I've traded the ADHD medication and therapist for a 3-month workshop with fellow adult ADDers like me.
by Jane D.
I have arrived at an awakening.
It has been six days since I've been off the med, the 20 mg. of Adderall. I still take a half a pill of the Lex, for the sake of simply saying I am doing something. The difference is that I feel calmer, even if I'm more disorganized.
Today, as I wrote and pecked away, I found myself mismatching first and last names, and sent the wrong text message to someone. Good thing I said nothing bad.
I've replaced the meds and the therapist (who really isn't helping me since chatting with her has the same effect as talking with my girlfriends). We have a guy-bitching session and she usually agrees with everything I say. Bad deal. I am paying $35 a session to have someone agree with me and nod—but I am not getting better.
I sometimes joke that I might as well go to a priest, because they, too, would provide sympathy or empathy. The only difference is they would tell me to say the Hail Mary ten times. No problem.
For the past four days, I took the rest and respite getaway to the island. Water usually has a calming effect on me, a natural happy pill, if such things exist. I went last year, same island, same getaway, the same azure color in the ocean, same pink-colored sand—only this year, things seemed quieter, like the calm after a storm. The unhappiness didn't entirely lift but there were moments when I sat by the water, and I felt like I were in another world.

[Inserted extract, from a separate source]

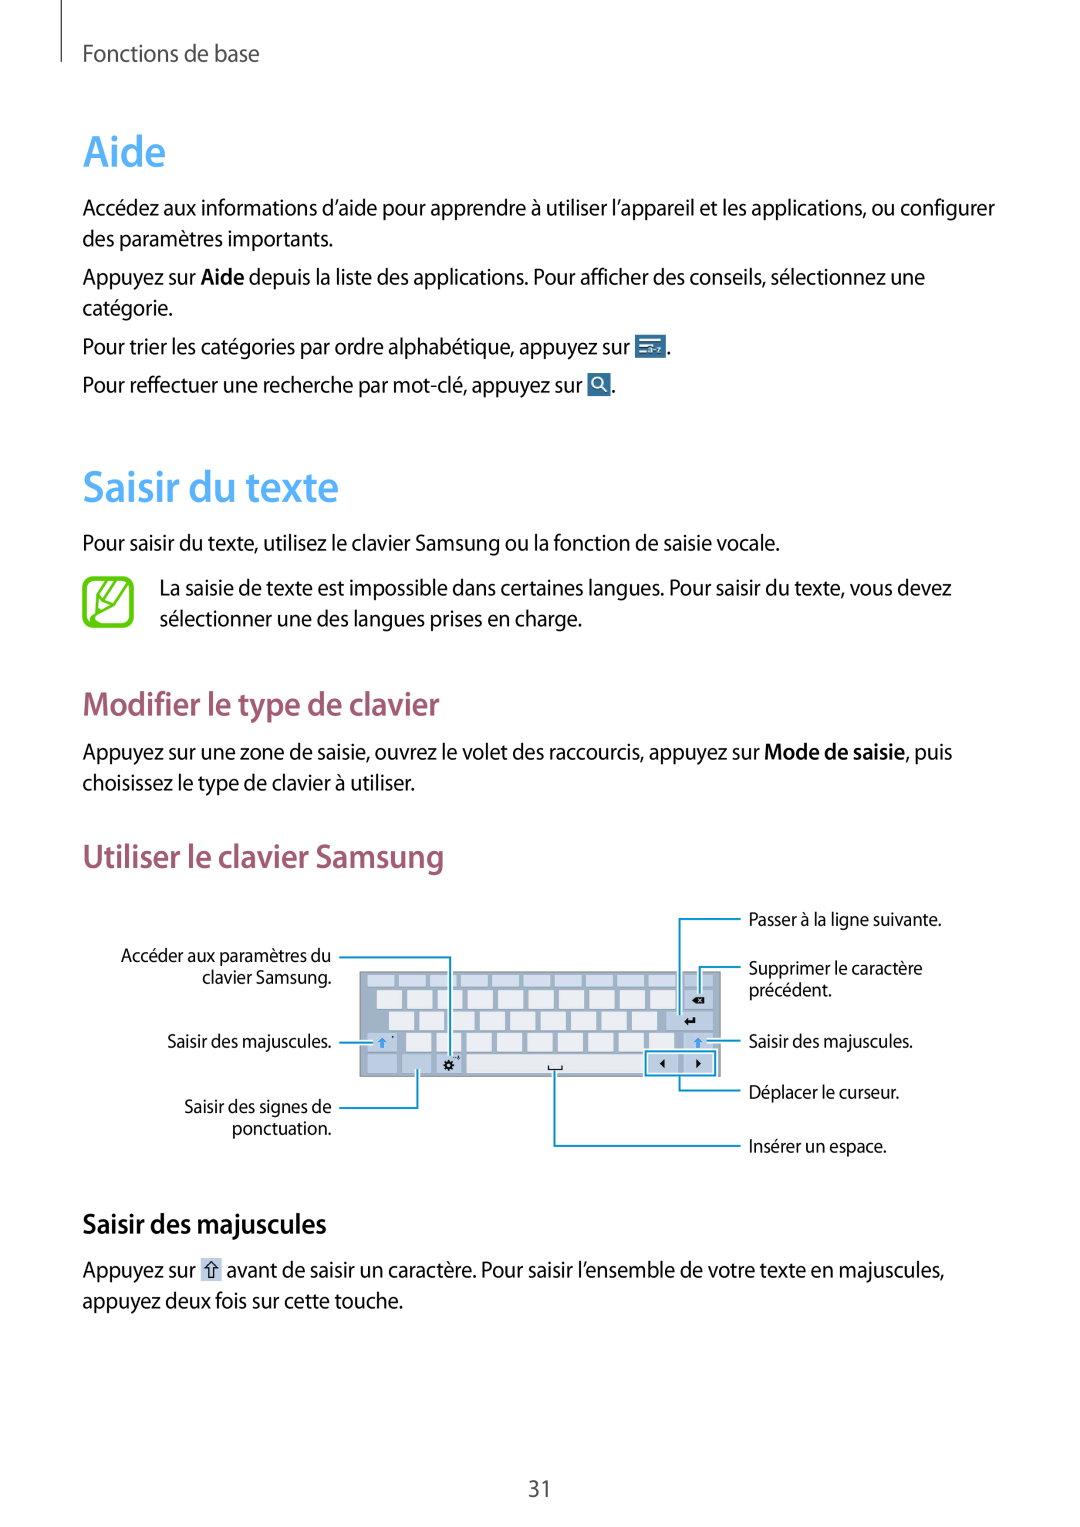 Samsung SM-T533NZWEXEF Aide, Saisir du texte, Modifier le type de clavier, Utiliser le clavier Samsung, Fonctions de base

The sister came along, too, working hard on her tan. She said that at the ripe old age of 26, she's discovered that life sucks. All of the signs of suckiness are there, the reality check that, in the real world, there is politics. People use others, friends are net-workers, most of the time you get one chance to make things right; and fat and ugly and forgetful people usually get the short end of the stick, unless they are related to some trust fund family.
When I returned, I decided that I had done the right thing. I decided to replace the meds and the lackluster therapist with a 3-month weekly workshop, a group of fellow adult ADDers like me. I decided that I would pay the grand and make that investment in myself.
There are seven of us and a psychiatrist facilitator, a woman with a wide smile and a high tolerance for humor. I like the way she welcomes laughter. I like the way I can share my experiences about everything from the challenges of doing mundane tasks like tackling dirty dishes, and struggling to complete projects at work, to walking around feeling stupid when, in fact, I know I am a "bright 30-something year old woman," with a higher than average intelligence for words, that according to the official Mensa-type IQ test I took last month.
It is as if the real world—the non ADD, non anxious, non depressive world—were like the Moon and the minority of us were on Earth. It feels good to be on Earth amongst people like me. I did not want to leave.